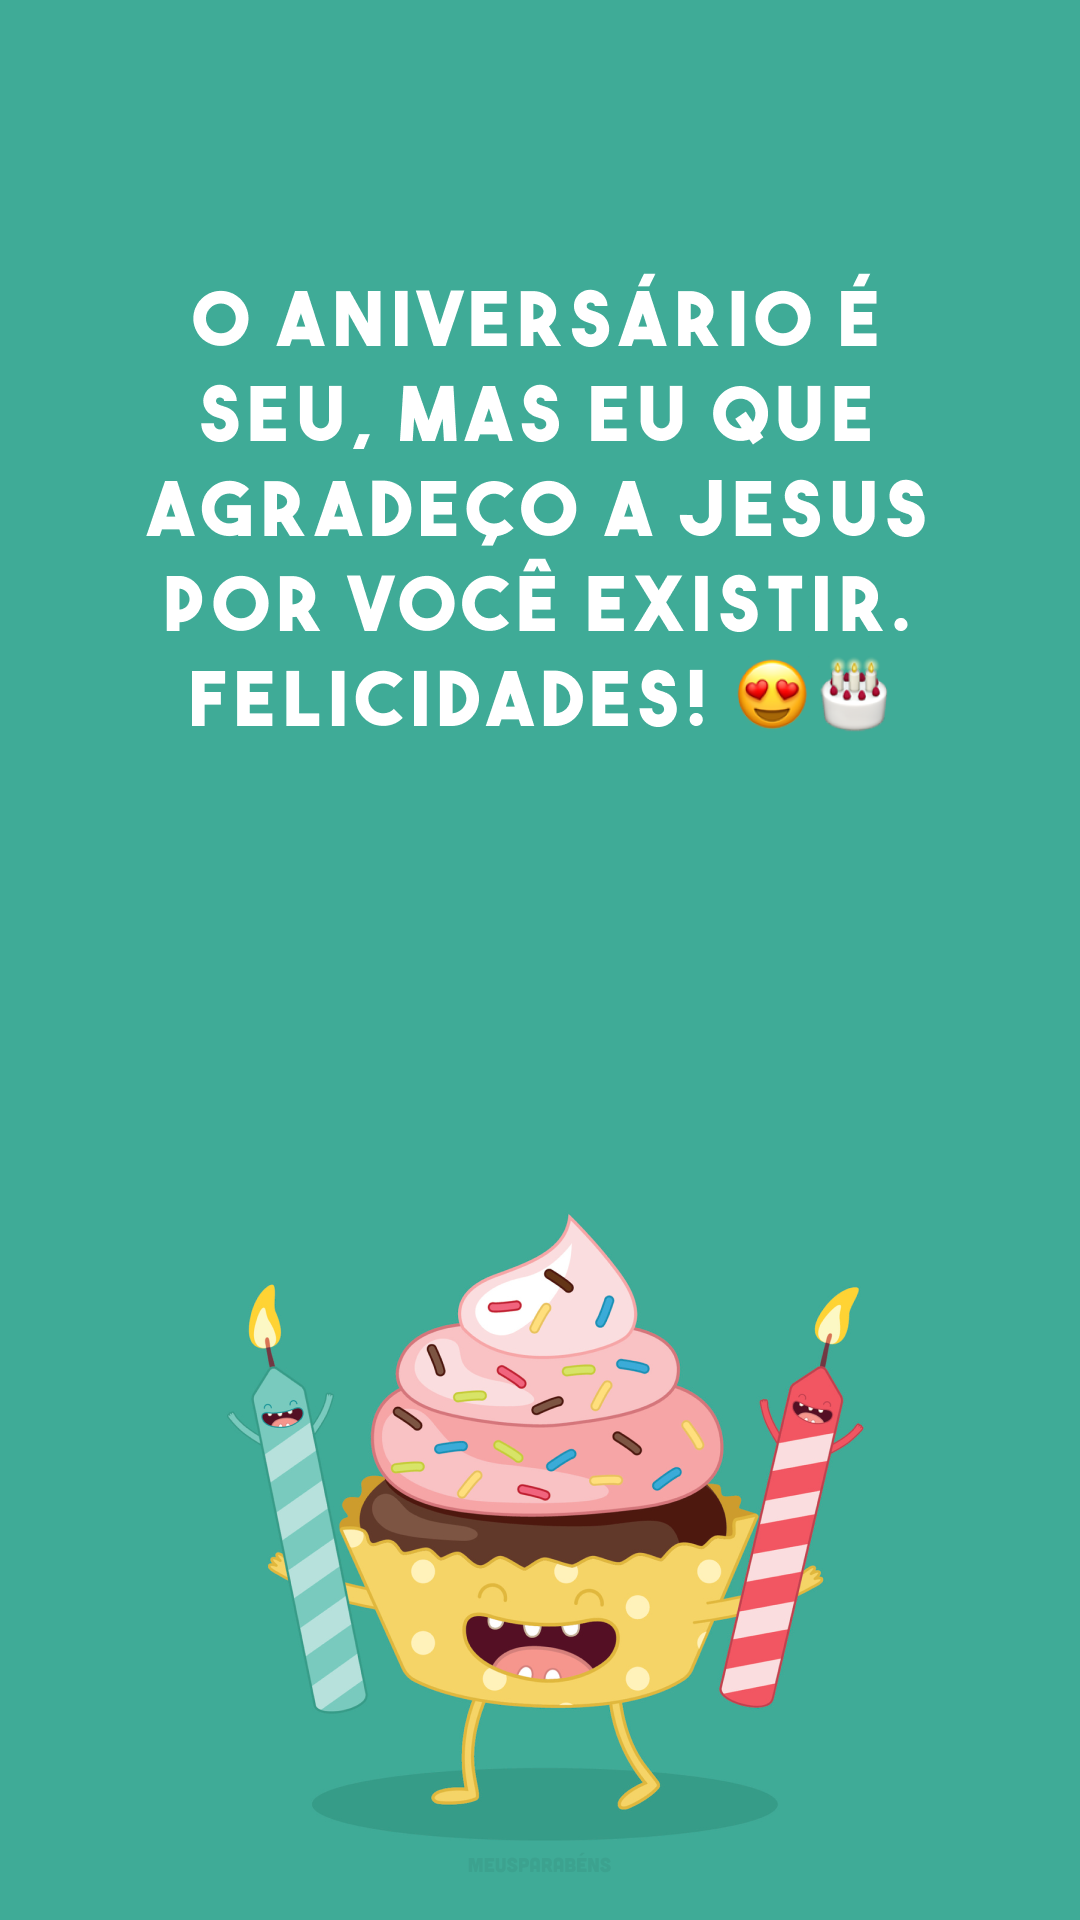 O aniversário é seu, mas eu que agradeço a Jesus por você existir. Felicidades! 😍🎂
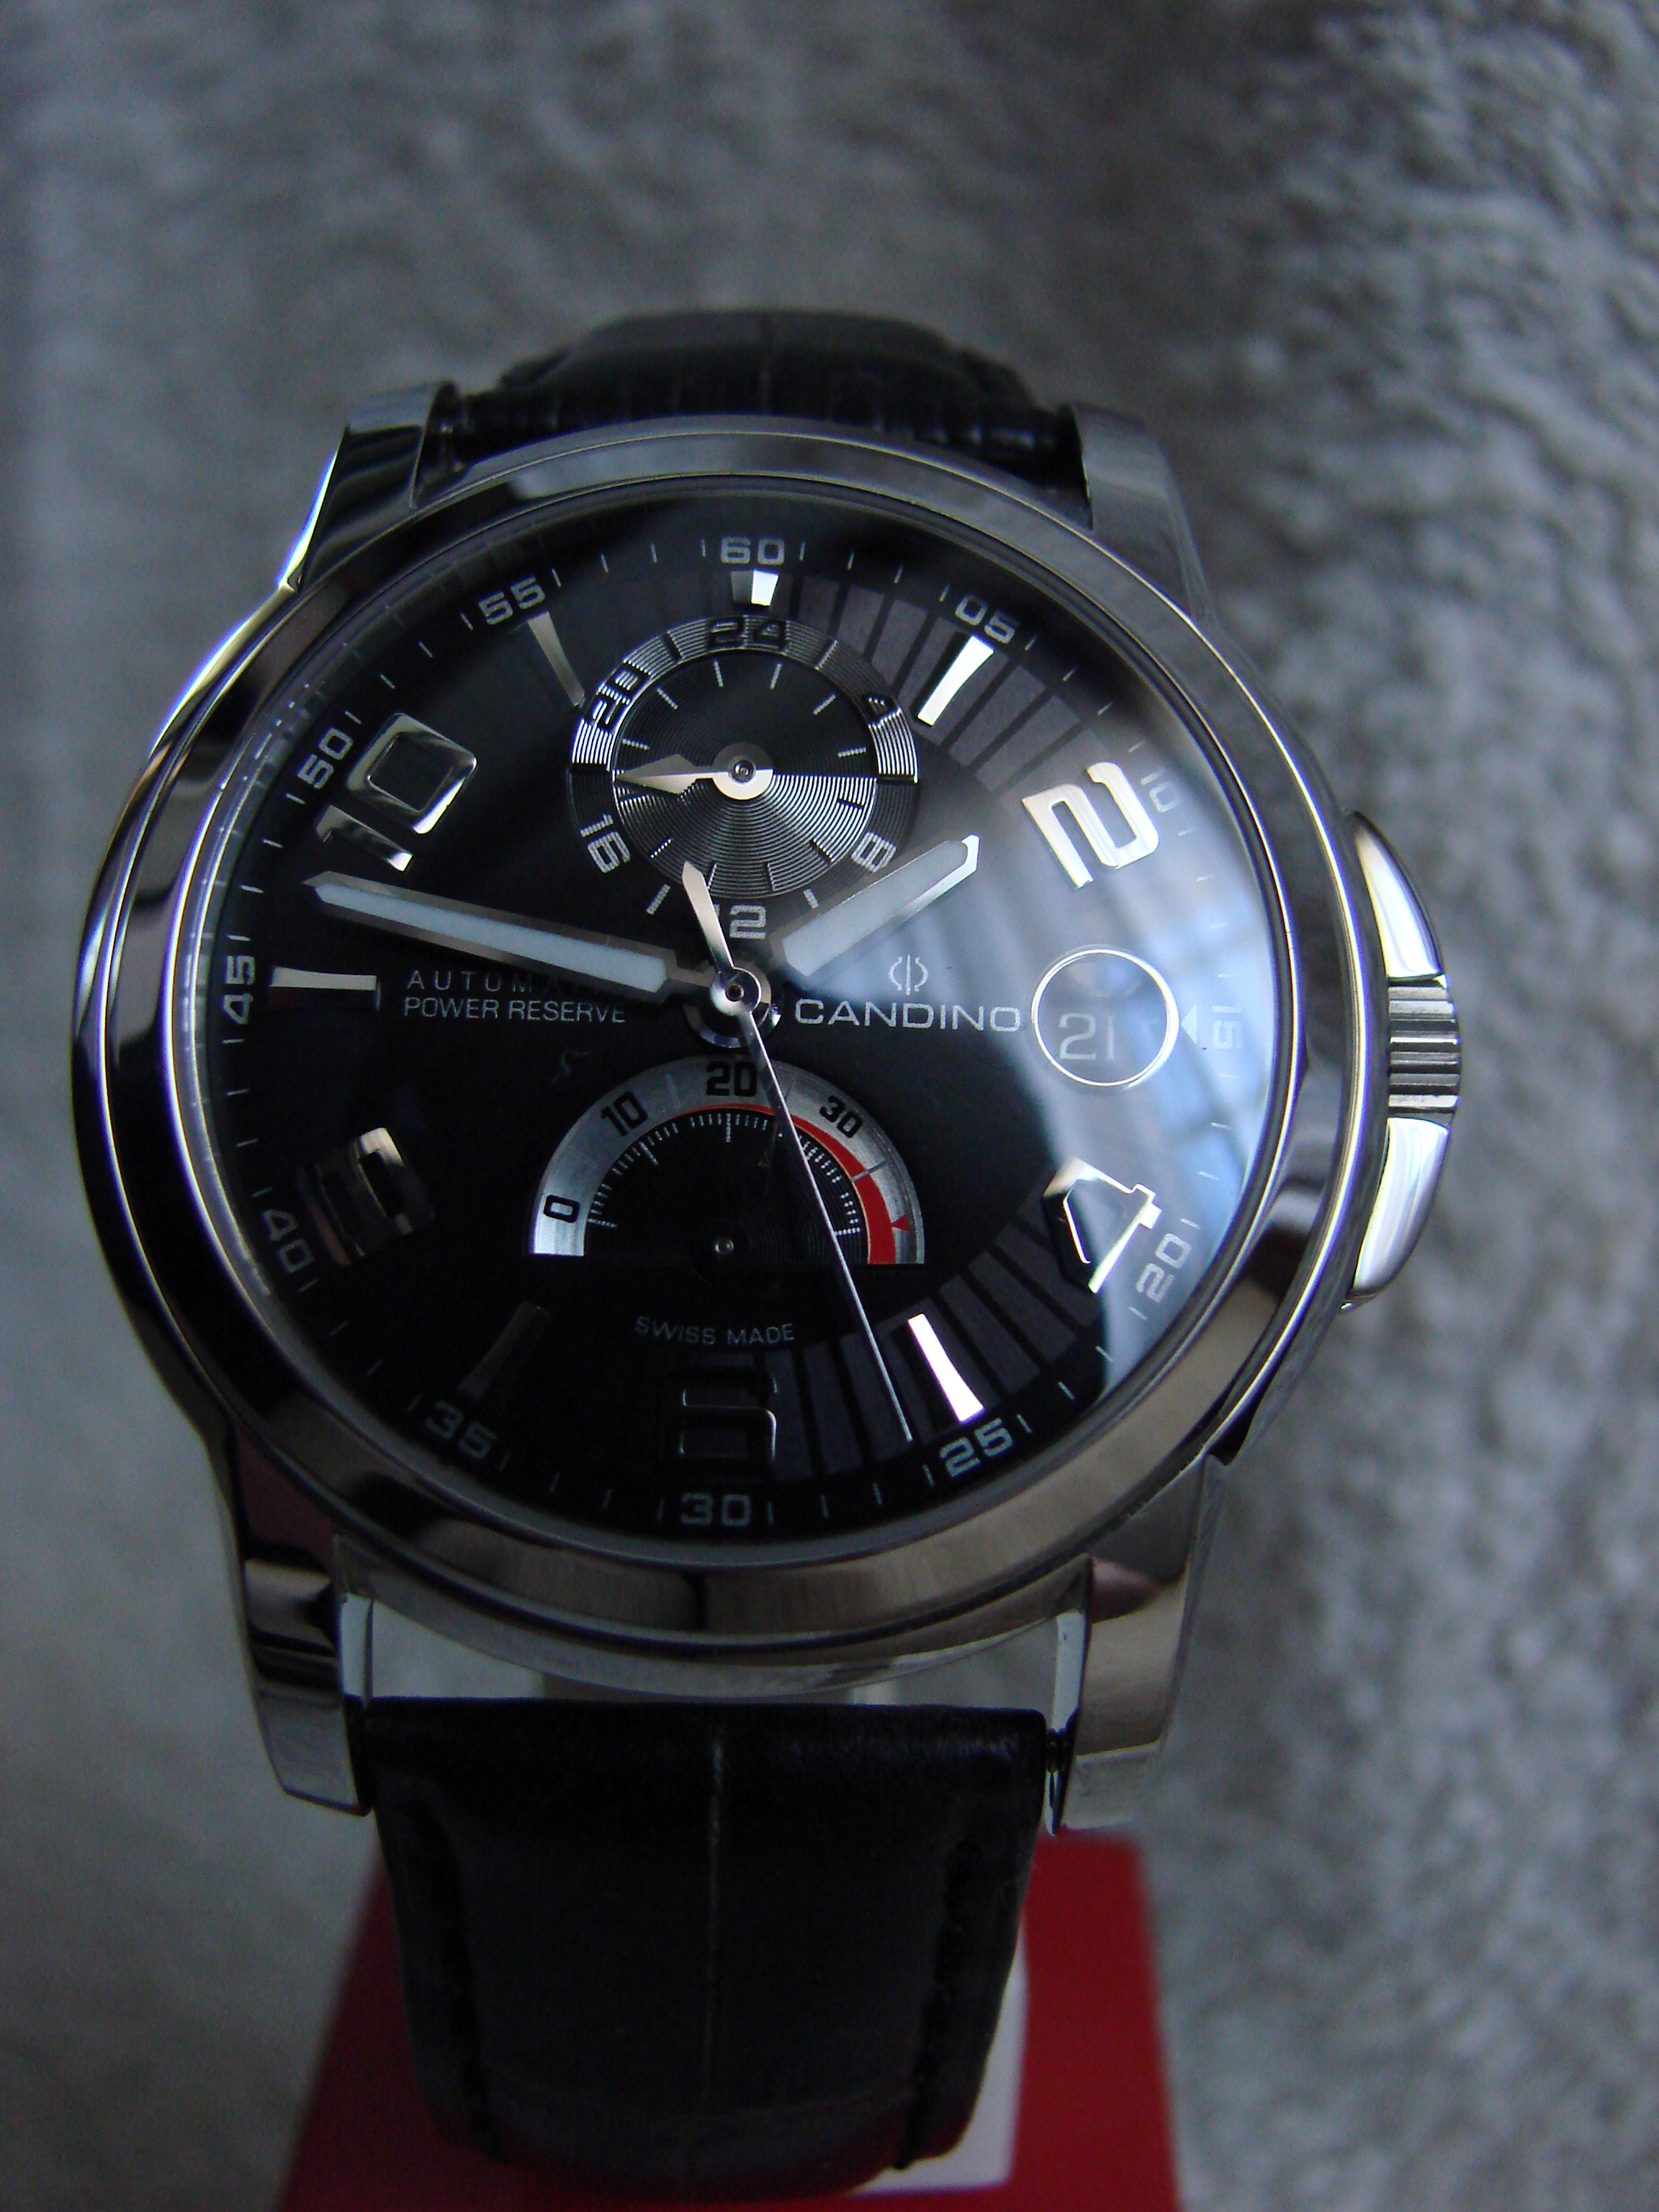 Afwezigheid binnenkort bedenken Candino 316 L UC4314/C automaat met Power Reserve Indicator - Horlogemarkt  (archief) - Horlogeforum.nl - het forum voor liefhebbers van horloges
==
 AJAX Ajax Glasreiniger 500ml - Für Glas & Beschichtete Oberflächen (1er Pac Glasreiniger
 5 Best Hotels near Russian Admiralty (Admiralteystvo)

> ABOUT THIS EXERCISE:
Output only the stretch above from the line with "O aniversário é" through the line with "Afwezigheid binnenkort bedenken", reproduced exactly. Exclude pictures.

> COMPLETED TASK:
 O aniversário é seu, mas eu que agradeço a Jesus por você existir. Felicidades! 😍🎂
 Afwezigheid binnenkort bedenken Candino 316 L UC4314/C automaat met Power Reserve Indicator - Horlogemarkt  (archief) - Horlogeforum.nl - het forum voor liefhebbers van horloges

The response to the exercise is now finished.